In the early 20th century, a scientist, R.A. Fisher wanted to study the impact of various fertilizers on the yield of his crops. Fisher started by neatly splitting his field into two parts and applying the fertilizer to only one. Fisher soon realized that reality was uncontrolled and random. The two halves of his land were different from each other in numerous regards. Both were receiving a different amount of sunlight, had a different soil quality, and also had variations in the water distribution (the confounders). With such vast differences in the underlying properties of the two halves, it was difficult to reliably estimate the impact the fertilizer was having.
To solve the problem, Fisher came up with an ingenious idea and in the process invented Randomized Control Trials (RCT), the holy grail behind modern experimentation. Fisher decided to neutralize the natural randomness in the environment by self-synthesizing randomness in his study.
Fisher divided his field into smaller squares and randomly chose the squares that would get the fertilizers and the ones that wouldn’t. This randomization ensured that all other factors affecting the yield were evenly divided between the ‘fertilizer’ and the ‘no fertilizer’ squares. The difference in the total yield of the two groups now revealed an unbiased estimate of the causal impact that the fertilizer was having on the yield.
And that was the birth of modern randomized experimentation that has majorly governed the scientific processes for the past 100 years.
Randomization as the Secret Sauce
Fisher’s insight was phenomenal because he fought the war against randomness with randomness itself. Randomness complicates things but it still holds a hidden order that you can rely on. Imagine as a thought experiment, if you toss a fair coin 1000 times, it is likely to see 490 tails and 510 heads, but it is very unlikely to see 400 tails and 600 heads. In other words, randomness is bound to the law of large numbers and patterns emerge as the sample set becomes larger. This is the exact property that FIsher utilized to tackle the randomness of nature.

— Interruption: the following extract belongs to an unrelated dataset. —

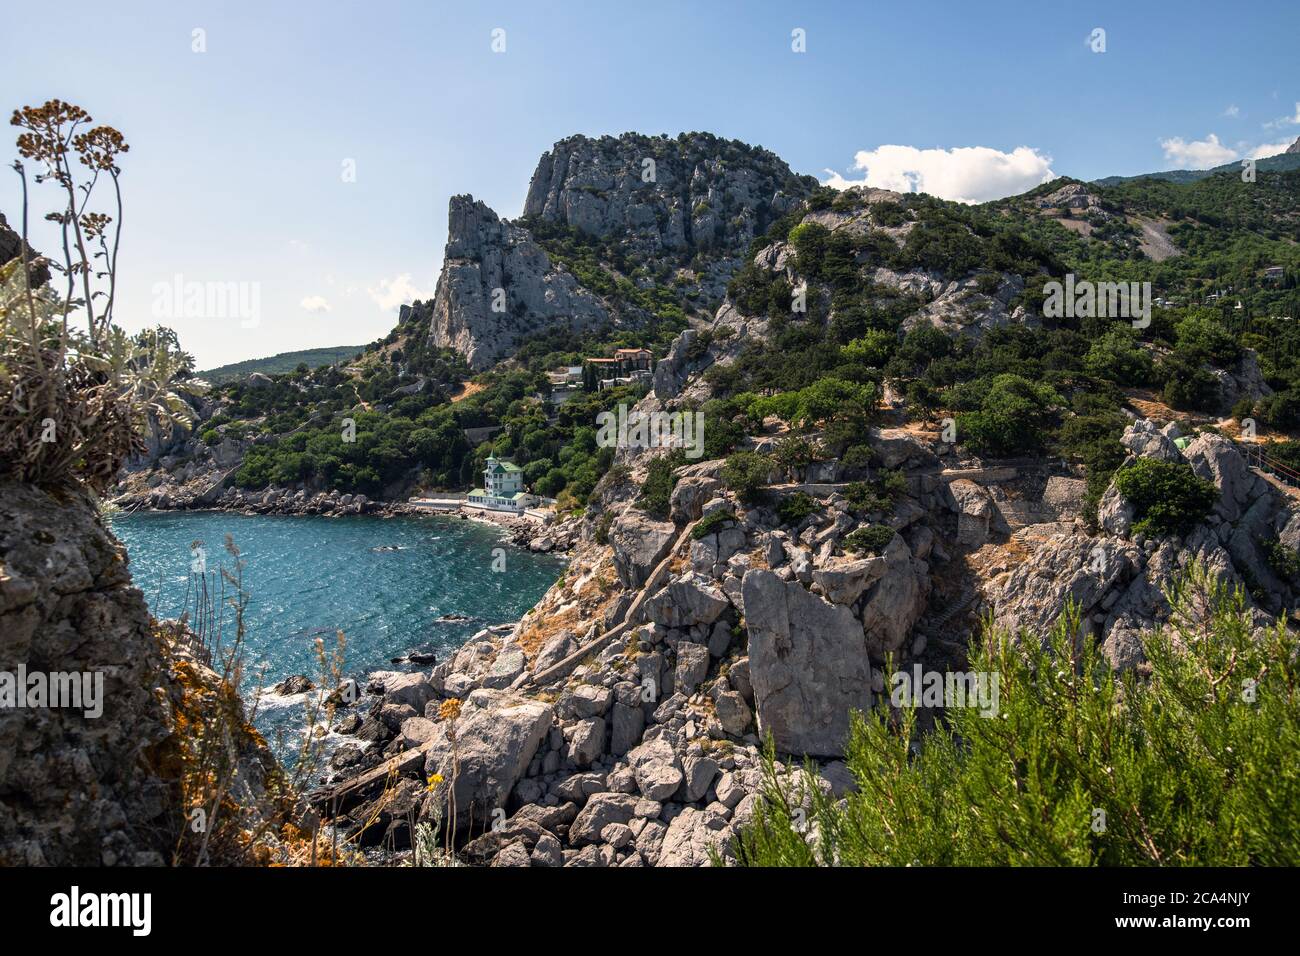 Landscape of a Koshka mountain with the Black Sea in Crimea Stock Photo

A perfect randomizer that randomly spits out 0s and 1s, correlates with nothing and hence evenly distributes all other attributes that might have been different in different parts of the field. The sunlight, the soil quality, and the water distribution all got evenly distributed in the two groups because theoretically they cannot be correlated to the coin toss in any way. Hence, Fisher was able to isolate the unique difference between the two groups, the one difference he artificially controlled – the fertilizer.
Conclusion
RCTs are the core statistical procedure that power all A/B testing today and randomization is the fundamental sauce that makes the procedure work. The vicious nature genie who has evaded revealing her true secrets forever since eternity stands dumbfounded in the face of Randomized Control Trials whenever the scientist is able to set it up correctly. But as history has it, randomization seems to be a simple concept but in practice very hard to implement. Computer scientists and philosophers have even gone on to claim that true randomness does not exist anywhere other than in Heisenberg’s uncertainty principle. What can be synthesized is only a close replica, which they call pseudo-randomness.
The interesting ordeals of statistics are just getting started and I request the reader to hold on to the story without feeling desolate. In the end, all is fine, randomness does complicate the world we live in, but single-handedly grants it all the beauty it has.